The NEWSMAN had learnt that the rift between the two generals was over who would succeed Tukur Buratai as Chief of Army Staff as many were not comfortable with the unblemished records of General Otiki as “a highly accomplished, disciplined and no-nonsense officer”, one army source in the know of the scheme said.

Recall that President Buhari had in July 2019 promoted Adeosun to the rank of lieutenant-general — same rank as Buratai, placing him in good stead to become Nigeria’s next Chief of Army Staff. That move was seen as a quick action by the incumbent army chief to create a public perception that even if Adeosun was not appointed as Chief of Army Staff, he would have risen to the zenith of his career more than Maj. Gen. Otiki. Adeosun is one of the closest aides to army chief Buratai.

But many observers have wondered why wonder why Adeosun and Otiki could have allowed outsiders to ruin what was “once an excellent relationship between two brothers from the same region”, a military insider said. Both men are from the Yoruba tribe in Southwest Nigeria.

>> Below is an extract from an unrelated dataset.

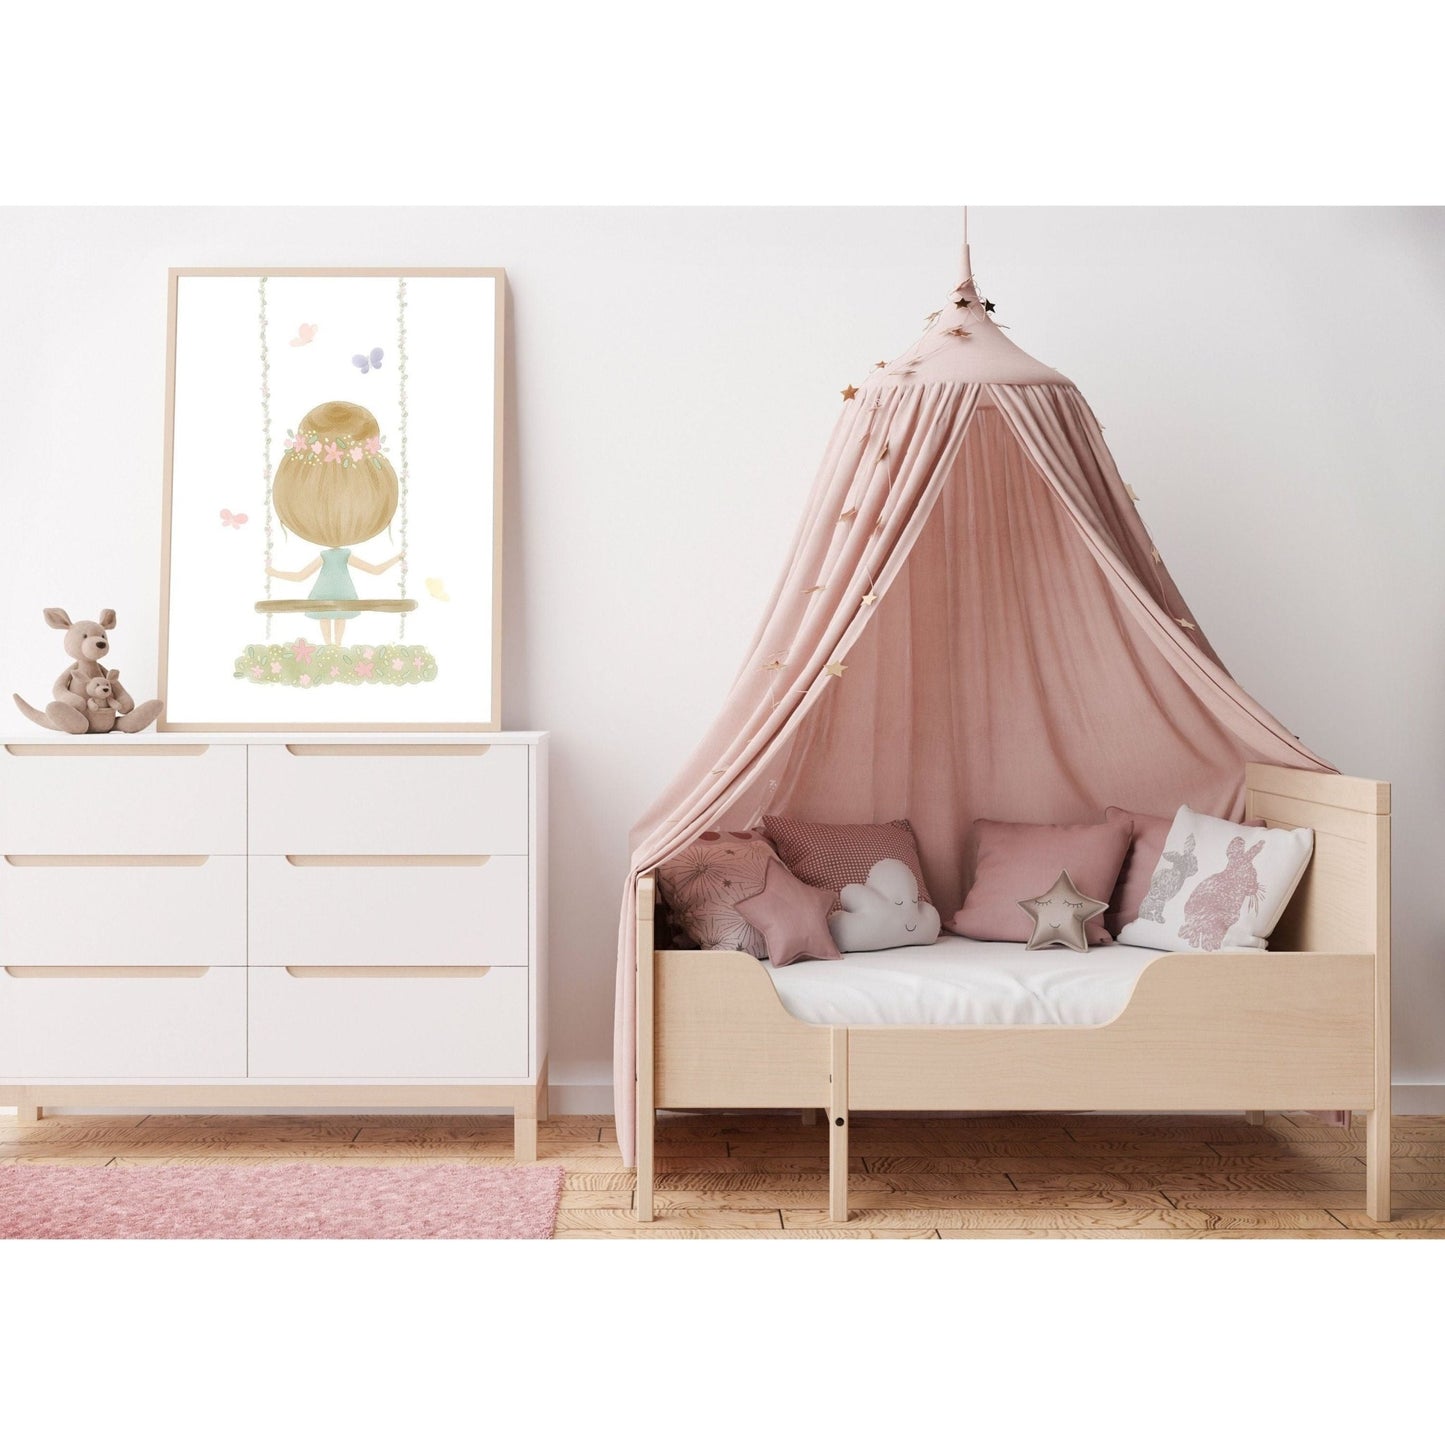 Girls Room Print - Nursery Decor - Cheerful Lane

Analysts have also wondered why top political, traditional and influential leaders from the Southwest especially in the ruling All Progressives Congress (APC) including APC National Leader, Asiwaju Bola Ahmed Tinubu did not intervene in the rift between the two brothers before the unfortunate saga that Maj. Gen. Otiki found himself involved in with the abscondment of monies by soldiers under his command which some observers said was a trap set up for the Lagos-born General Otiki who is also a prince in the Ikorodu kingdom.

As the Nigerian Army Council is set to review the sentencing of Major General Hakeem Oladapo Otiki in September this year, it is left to be seen whether the Southwest leaders and other influential Nigerians would intervene or not to save one of the army’s finest officers through a more justifiable punishment system than the current “disgrace and dishonour” slammed on Otiki.